» **Instructions for the task**:
Reproduce the entries below exactly, but only from the line containing "Caf del viajero" to the line containing "SK TRADER SK-A74.BR Brown Leather Office Bag", inclusive.

» **Given data**:
=====
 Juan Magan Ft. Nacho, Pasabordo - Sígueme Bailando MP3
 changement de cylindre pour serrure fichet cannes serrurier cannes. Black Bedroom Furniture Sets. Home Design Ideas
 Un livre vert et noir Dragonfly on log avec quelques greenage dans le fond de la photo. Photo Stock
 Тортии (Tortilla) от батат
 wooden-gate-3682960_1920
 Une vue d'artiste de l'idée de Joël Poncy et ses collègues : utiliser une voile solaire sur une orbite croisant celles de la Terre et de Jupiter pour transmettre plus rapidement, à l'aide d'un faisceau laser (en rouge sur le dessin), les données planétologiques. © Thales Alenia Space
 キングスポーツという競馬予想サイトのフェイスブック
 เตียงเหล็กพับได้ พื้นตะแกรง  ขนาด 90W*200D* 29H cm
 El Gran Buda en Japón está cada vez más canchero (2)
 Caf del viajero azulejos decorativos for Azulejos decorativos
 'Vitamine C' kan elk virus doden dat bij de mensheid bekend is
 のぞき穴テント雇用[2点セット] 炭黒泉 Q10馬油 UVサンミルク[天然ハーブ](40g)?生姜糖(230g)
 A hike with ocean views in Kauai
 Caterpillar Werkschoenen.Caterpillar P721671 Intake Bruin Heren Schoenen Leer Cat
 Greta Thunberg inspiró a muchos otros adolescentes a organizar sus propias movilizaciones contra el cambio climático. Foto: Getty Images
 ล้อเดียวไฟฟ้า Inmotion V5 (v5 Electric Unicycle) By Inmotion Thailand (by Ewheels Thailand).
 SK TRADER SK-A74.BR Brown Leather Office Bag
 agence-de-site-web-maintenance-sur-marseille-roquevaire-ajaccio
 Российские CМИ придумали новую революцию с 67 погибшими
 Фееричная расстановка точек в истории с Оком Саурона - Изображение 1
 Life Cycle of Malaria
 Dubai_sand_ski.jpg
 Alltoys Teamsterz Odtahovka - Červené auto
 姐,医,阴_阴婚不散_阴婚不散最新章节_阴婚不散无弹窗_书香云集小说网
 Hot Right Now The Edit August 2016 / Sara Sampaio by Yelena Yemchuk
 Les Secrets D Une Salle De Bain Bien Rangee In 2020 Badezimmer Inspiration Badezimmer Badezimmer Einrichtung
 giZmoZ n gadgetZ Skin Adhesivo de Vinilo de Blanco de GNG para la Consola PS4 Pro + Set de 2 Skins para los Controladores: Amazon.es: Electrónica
=====
» **Exercise result**:
 Caf del viajero azulejos decorativos for Azulejos decorativos
 'Vitamine C' kan elk virus doden dat bij de mensheid bekend is
 のぞき穴テント雇用[2点セット] 炭黒泉 Q10馬油 UVサンミルク[天然ハーブ](40g)?生姜糖(230g)
 A hike with ocean views in Kauai
 Caterpillar Werkschoenen.Caterpillar P721671 Intake Bruin Heren Schoenen Leer Cat
 Greta Thunberg inspiró a muchos otros adolescentes a organizar sus propias movilizaciones contra el cambio climático. Foto: Getty Images
 ล้อเดียวไฟฟ้า Inmotion V5 (v5 Electric Unicycle) By Inmotion Thailand (by Ewheels Thailand).
 SK TRADER SK-A74.BR Brown Leather Office Bag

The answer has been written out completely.